> Data segment:
----------
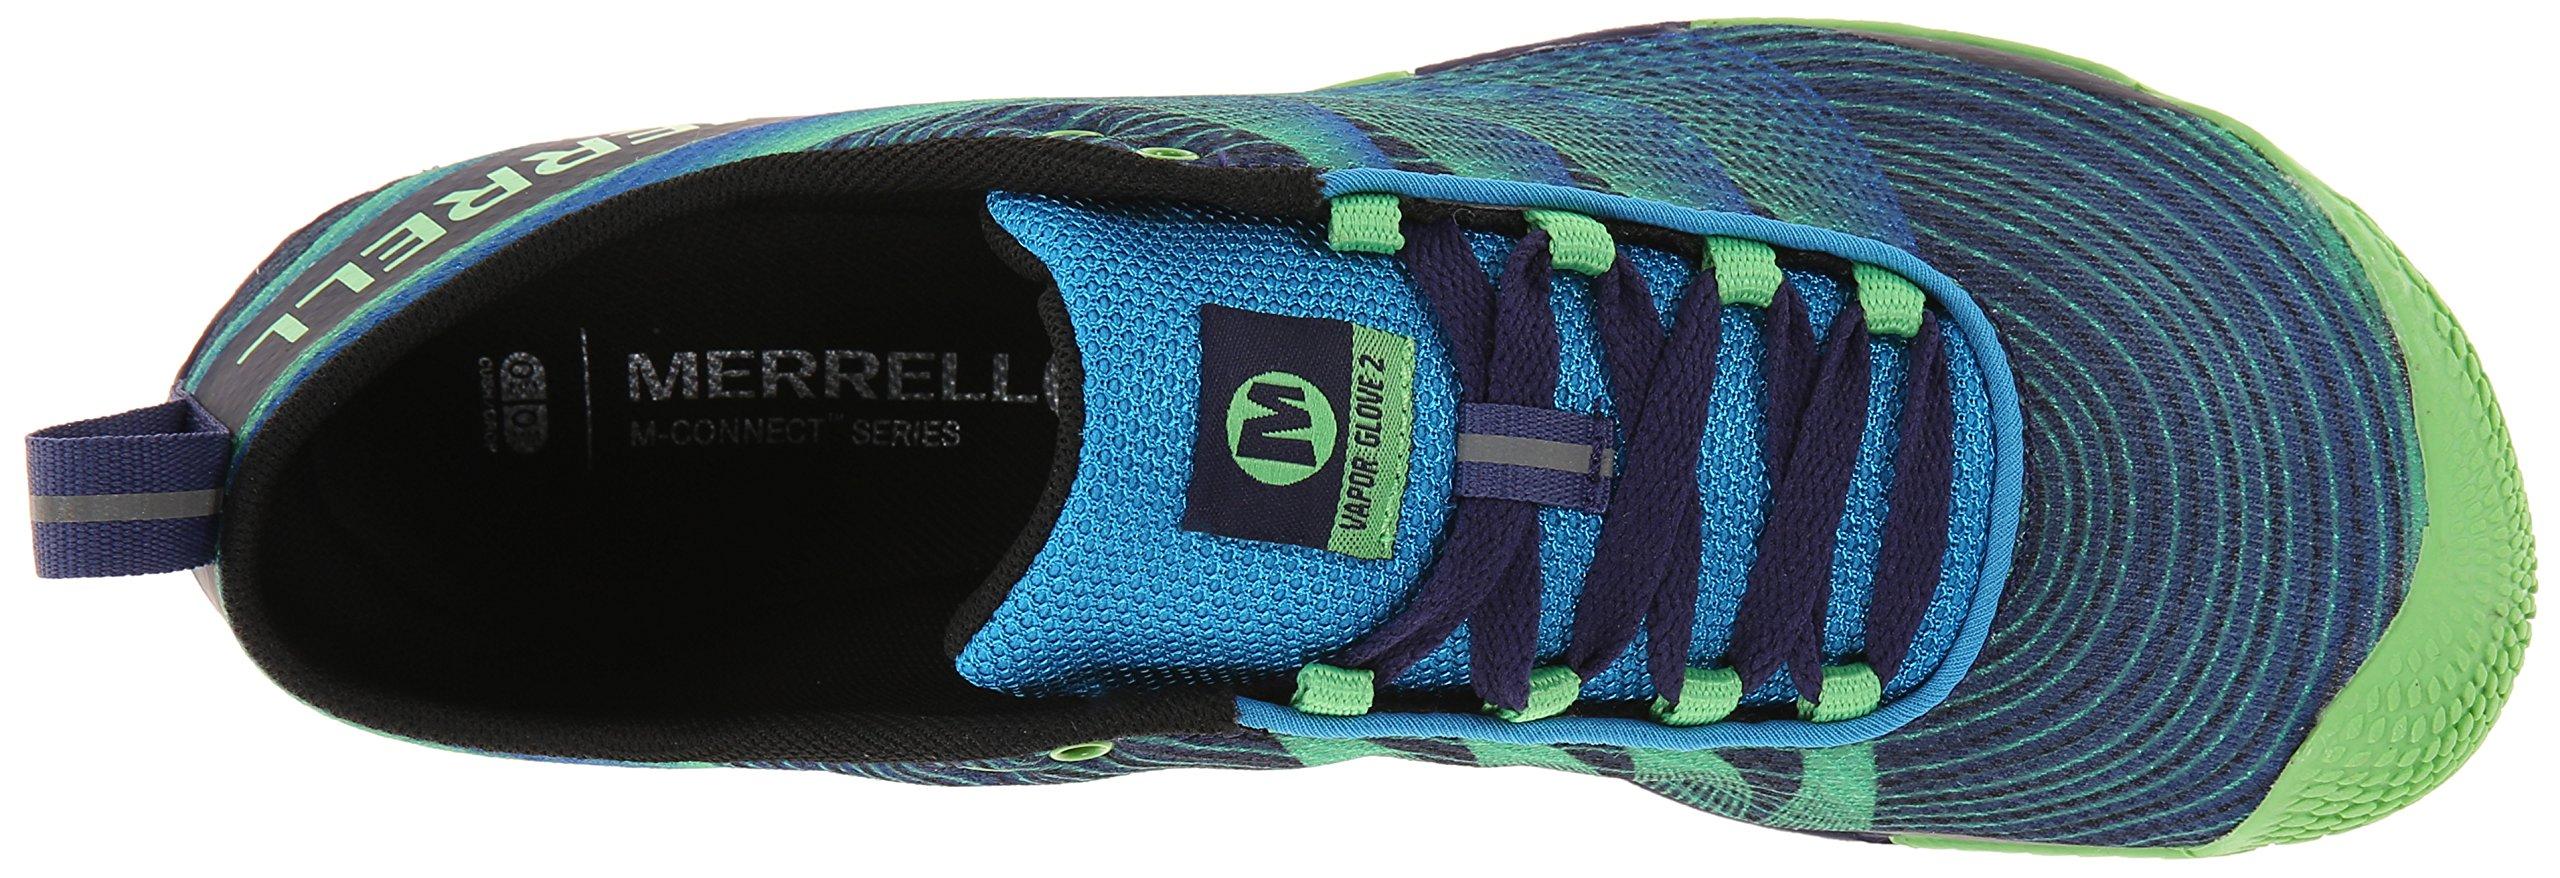 Merrell Men's Vapor Glove 2 Trail Running Shoe, Racer Blue/Bright Green, 9.5 M US by Merrell (Image #8)
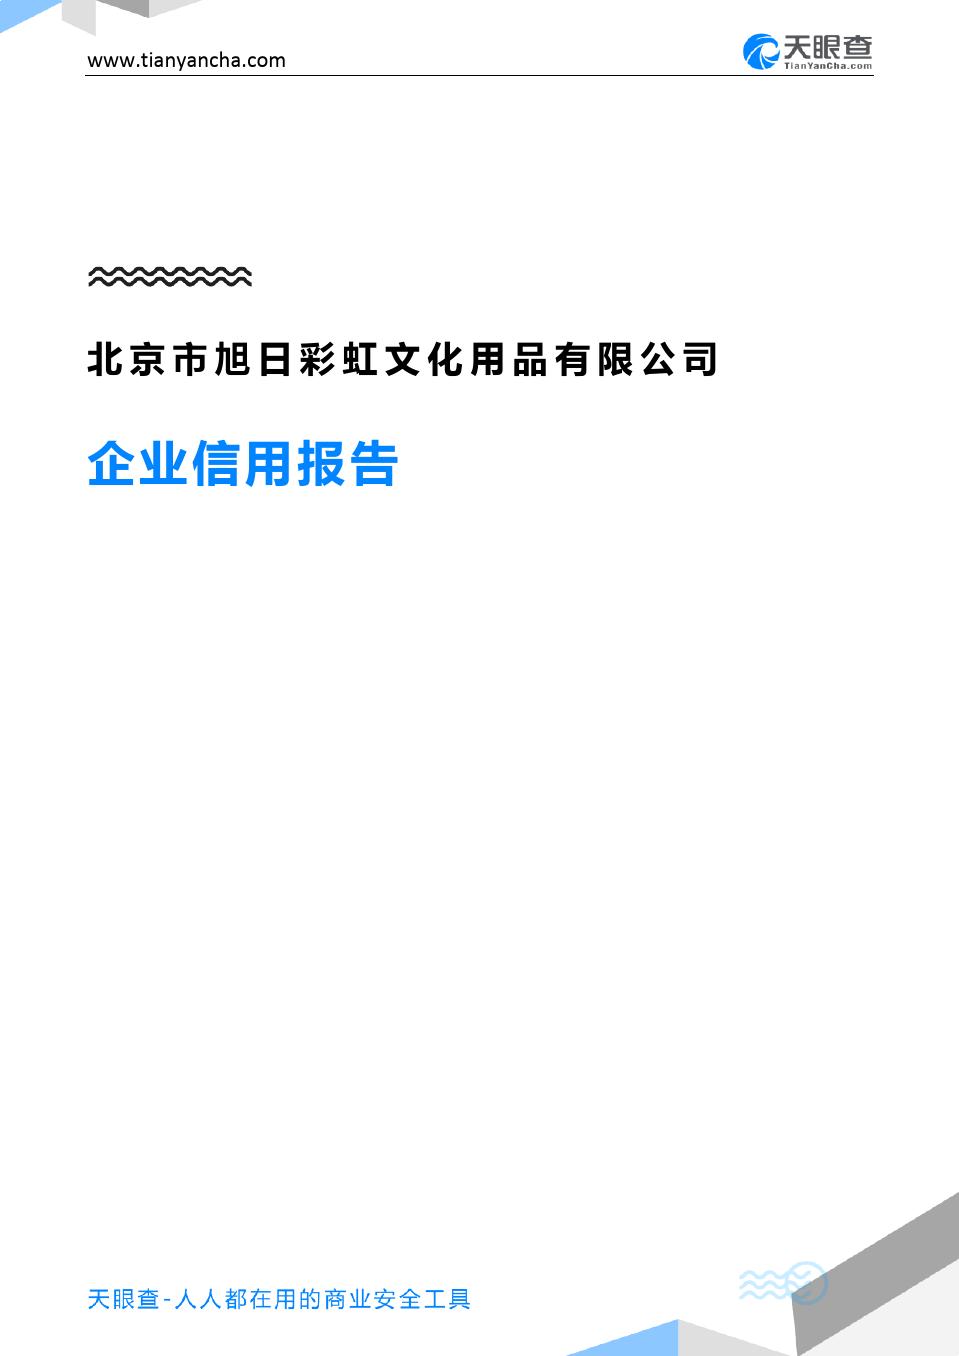 北京市旭日彩虹文化用品有限公司企业信用报告-天眼查
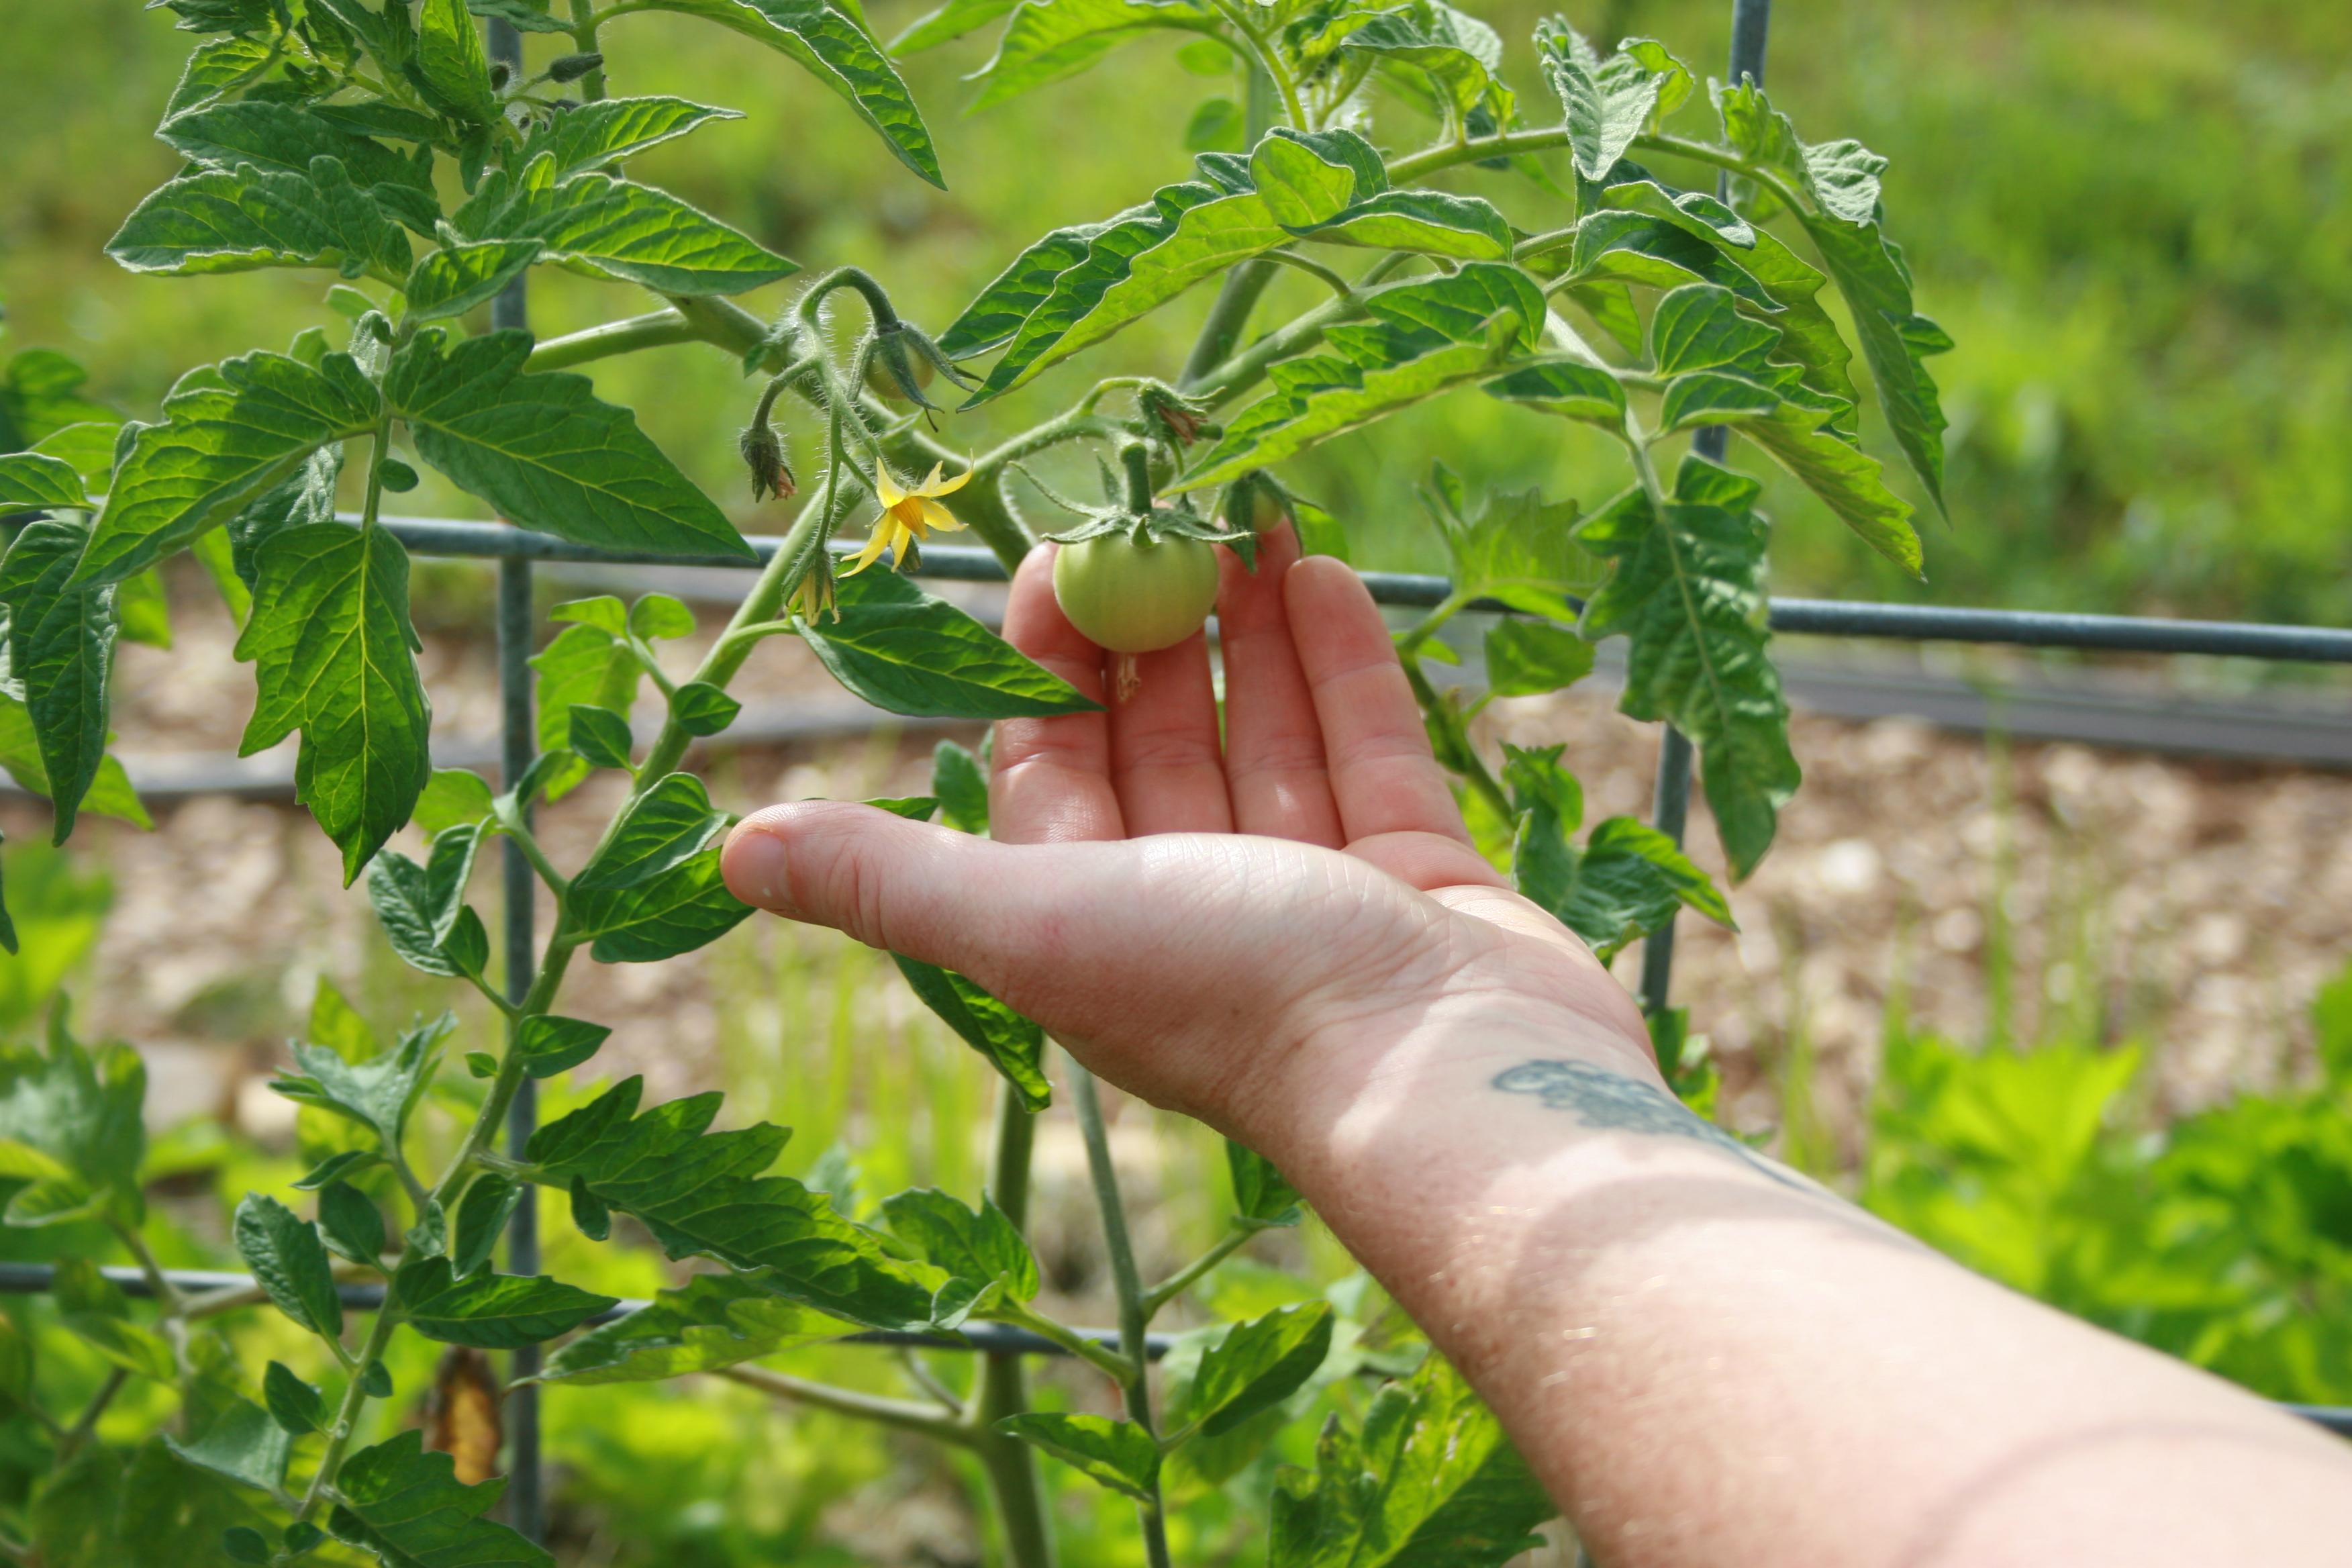 Hand on cherry tomato
----------
> Your instructions:
Would you print the listing above in full, exactly, but with no pictures?

> Output for this exercise:
 Merrell Men's Vapor Glove 2 Trail Running Shoe, Racer Blue/Bright Green, 9.5 M US by Merrell (Image #8)
 北京市旭日彩虹文化用品有限公司企业信用报告-天眼查
 Hand on cherry tomato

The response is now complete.